Meski belum sepenuh operasional Pasa Ateh berjalan maksimal namun para pedagang berharap agar perekonomian jual-beli di Pasa Ateh terutama bagi pedagang bisa kembali normal sebelum Pasa Ateh terbakar pada tahun 2017 dan pandemi Covid-19.

Kepala Dinas Koperasi, UKM dan Perdagangan Bukittinggi, Muhammad Idris, menjelaskan pembangunan Pasa Ateh berlangsung selama 1 tahun 4 bulan mulai 1 Agustus 2019, dengan biaya APBN sebesar Rp 292 milyar.
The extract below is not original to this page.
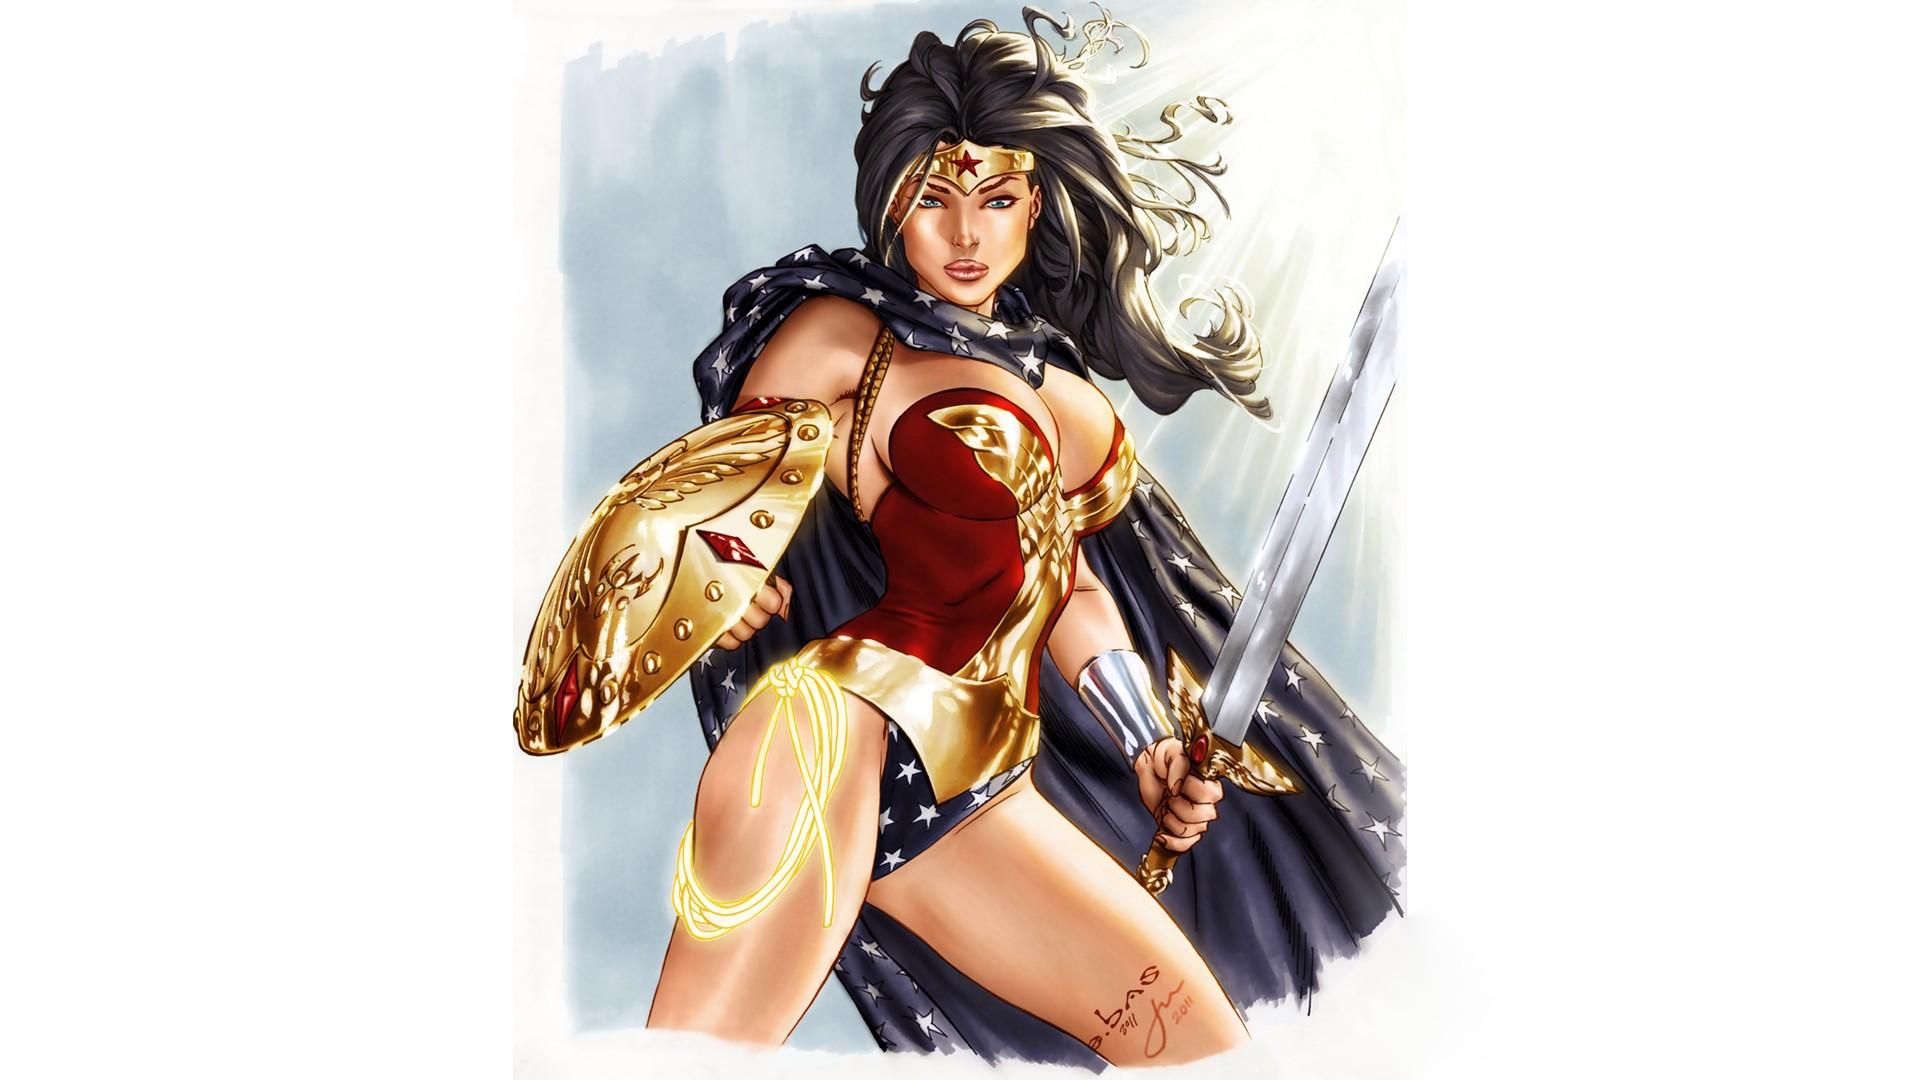 women, DC Comics, comics, models, superheroes, illustrations, amazon, heroine, Wonder Woman, Penichet, sword and shield wallpaper
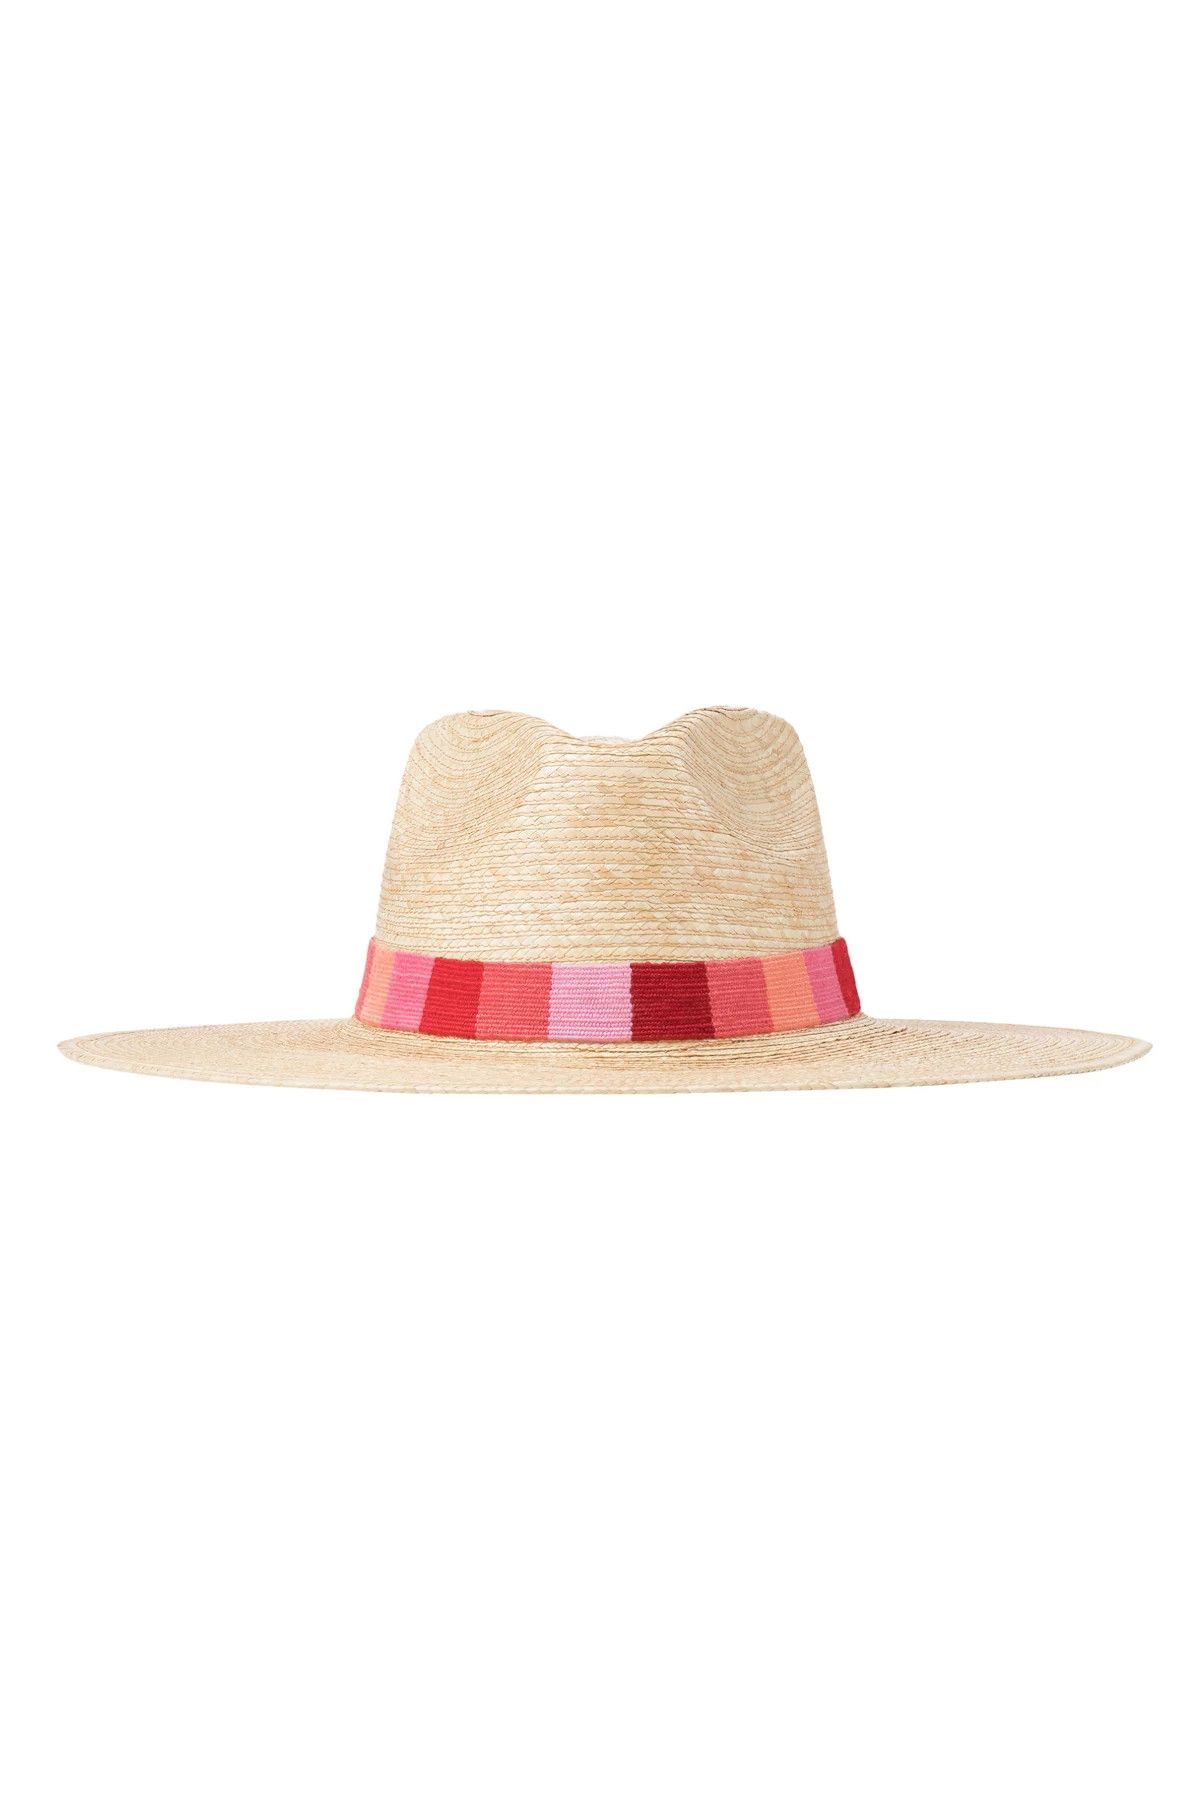 Beatriz Palm Panama Hat | Everything But Water

Jumlah toko 835 petak terdiri dari lantai 1 berjumlah 257 petak, lantai 2 berjumlah 278 petak, lantai 3 berjumlah 276 petak dan lantai 4 berjumlah 24 petak (20 food court dan 4 counter mainan).

"Jenis dagangan yang didaftarkan sebanyak 24 jenis paling mendominasi, 355 pedagang untuk pakaian jadi, 211 pedagang bordir dan selebihnya, sepatu, sandal, tas, hp, eloktronik, jam dan kacamata," jelasnya.

Wali Kota Bukittinggi, Ramlan Nurmatias, menyampaikan Pasa Ateh terdiri dari empat lantai dan satu basement dan terdapat 835 kios yang pemegang hak sewanya sudah ada, yakni pemegang kartu kuning Pasa Ateh sebelumnya ditambah puluhan pedagang yang menyewa di Pasa Ateh.

"Untuk besaran sewa pertokoan Pasa Ateh, telah dihitung oleh KPKNL, untuk lantai satu ditetapkan sewa sebesar Rp 27.216.000 per tahun, lantai 2 ditetapkan Rp 26.023.000, lantai 3 ditetapkan sebesar Rp 24 829.000 dan lantai 4 ditetapkan sebesar Rp 22.441.000," ungkapnya.

Ia menambahkan karena sudah 2,5 tahun tidak berdagang, maka pemko mengambil kebijakan untuk menggratiskan sewa selama enam bulan kedepan.